Show code for solution

hist(dataset$x1, main="Histogram of x1", xlab="x1")

Show code for solution

hist(dataset$x2, main="Histogram of x2", xlab="x2")

Show code for solution

hist(dataset$x3, main="Histogram of x3", xlab="x3")

Show code for solution

# Checking for multicollinearity between x1 and x4
vif_result <- vif(lm(y1 ~ x1 + x2 + x3 + x4, data=dataset))
vif_result

       x1        x2        x3        x4 
21.062343  1.005200  1.037161 21.196664

Show code for solution

# Testing Linearity of y1 with x1 and x3
plot(dataset$x1, dataset$y1, main="Scatter plot of x1 vs y1")

Show code for solution

plot(dataset$x3, dataset$y1, main="Scatter plot of x3 vs y1")

Show code for solution

cor(dataset$x1, dataset$y1)

[1] 0.7443448

Show code for solution

cor(dataset$x3, dataset$y1)

[1] -0.08930172

Show code for solution

# Testing Homoscedasticity in relationship between y1 with x1 and x2
model <- lm(y1 ~ x1 + x2, data=dataset)
plot(model, which = 1)

Notes for interpreting output

Comparing Distributions of x1, x2, and x3:

The Shapiro-Wilk tests for x1 and x2 return high p-values (typically p > 0.01), suggesting that these variables are normally distributed. In contrast, a low p-value for x3 indicates a non-normal distribution, which aligns with our expectation since x3 was generated from an exponential distribution.
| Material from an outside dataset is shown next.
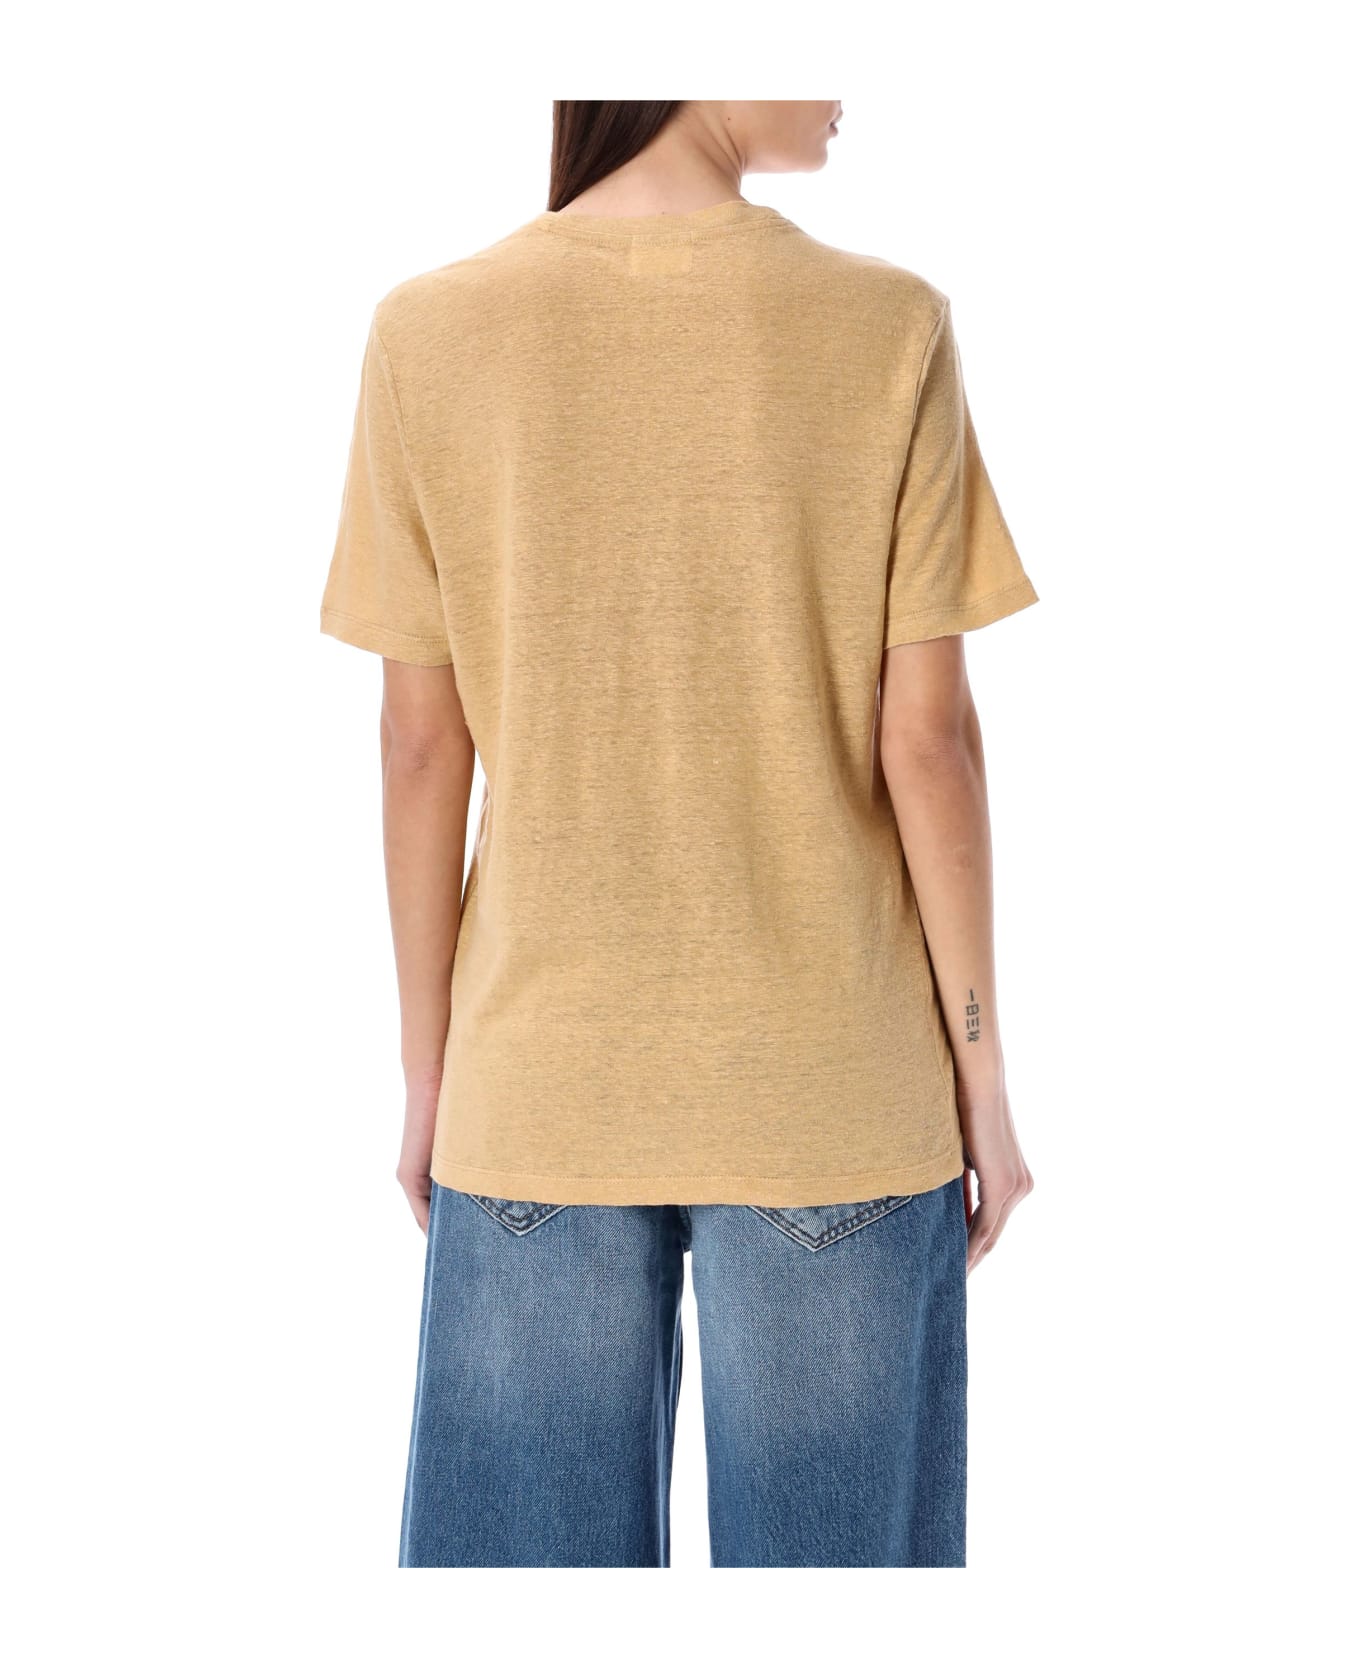 Marant Étoile Zewel T-shirt - SAHARA/LIGHT GOLD
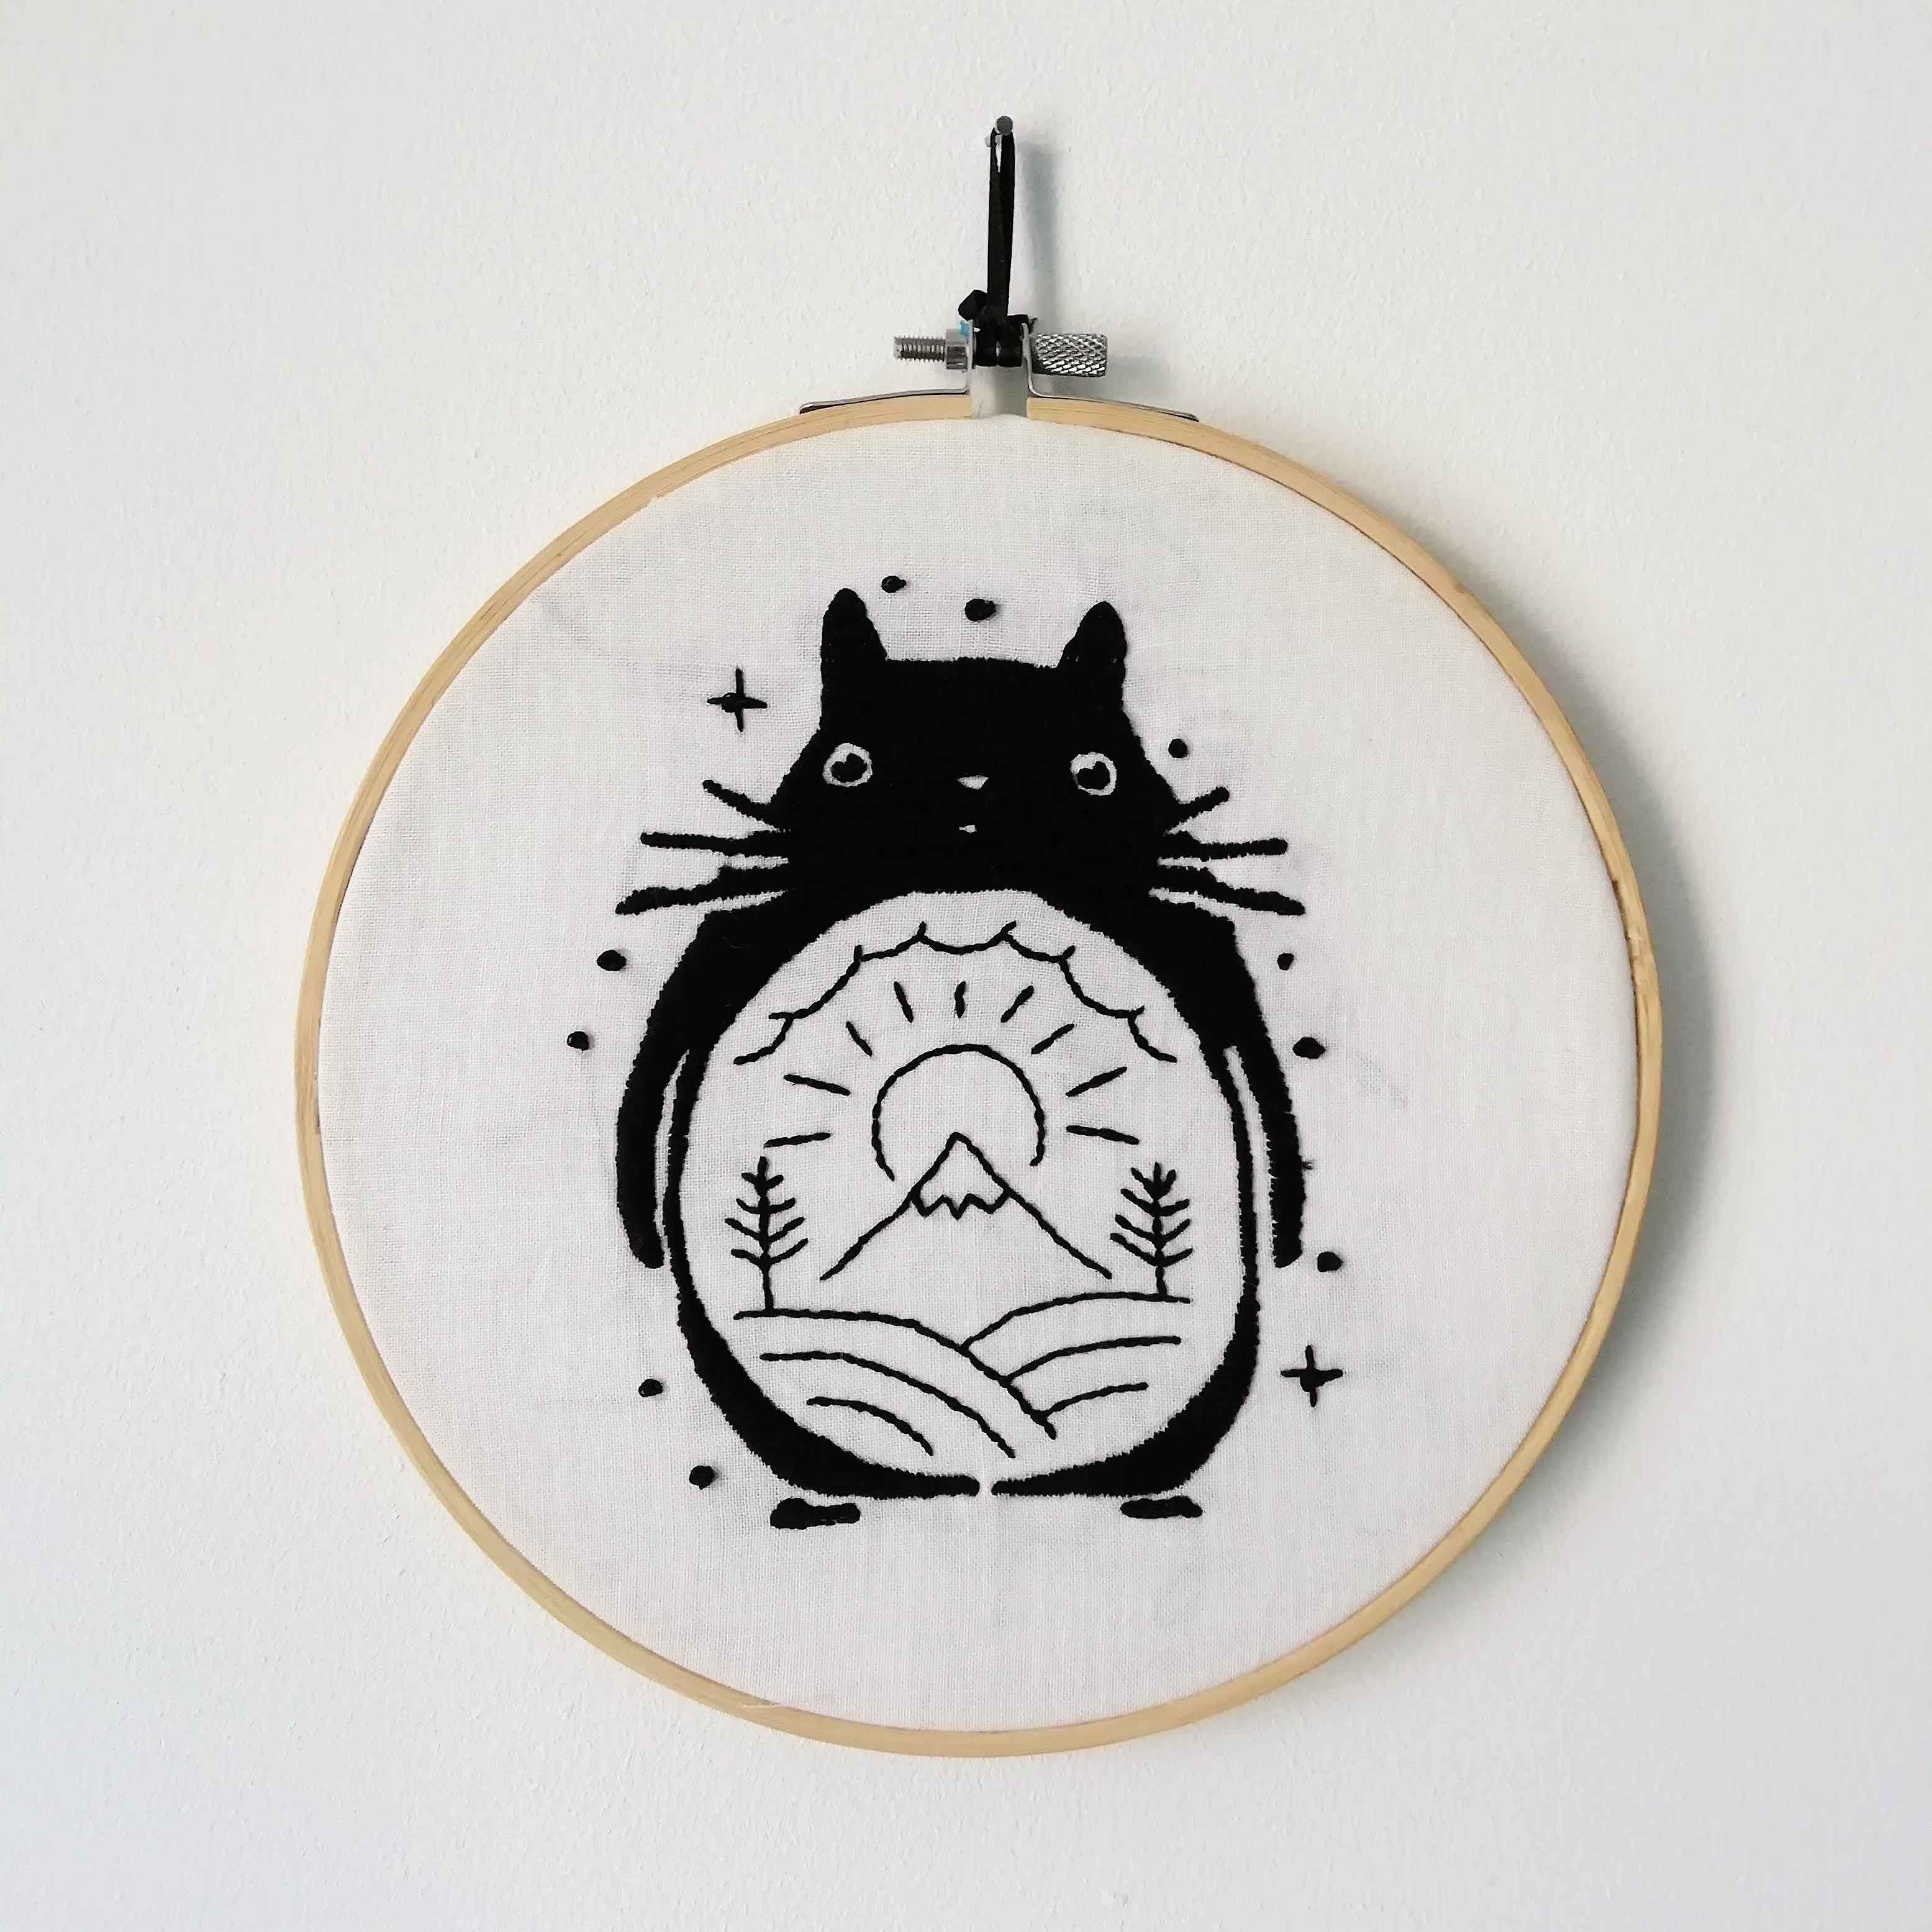 Totoro Embroidery Pattern Studio Ghibli Embroidery

The histograms will visually support these findings. x1 and x2 should show bell-shaped curves typical of normal distributions, while x3 should display a skewed distribution.

Multicollinearity between x1 and x4:

High VIF values for x1 and x4 (i.e., a VIF greater than 5 or 10) indicates the presence of multicollinearity. Given that x4 was generated to be correlated with x1, a high VIF is expected.

Linear Relationship of y1 with x1 and x3:

The scatter plots will visually indicate the nature of the relationships. A clear linear pattern in the plot of y1 vs. x1 would suggest a linear relationship, while a more scattered or non-linear pattern in y1 vs. x3 would suggest a non-linear relationship.

The correlation coefficients will provide a numerical measure of these relationships. A coefficient close to 1 or -1 for y1 vs. x1 would indicate a strong linear relationship. In contrast, a coefficient closer to 0 for y1 vs. x3 would suggest a lack of linear relationship. Homoscedasticity in the Relationship between y1 with x1 and x2:

The residual vs. fitted value plot for the linear model of y1 predicted by x1 and x2 should show a random scatter of points with no clear pattern. If the variance of residuals appears constant across the range of fitted values (no funnel shape), it suggests homoscedasticity. This means the variance of errors is consistent across all levels of the independent variables, which is an important assumption for linear regression models.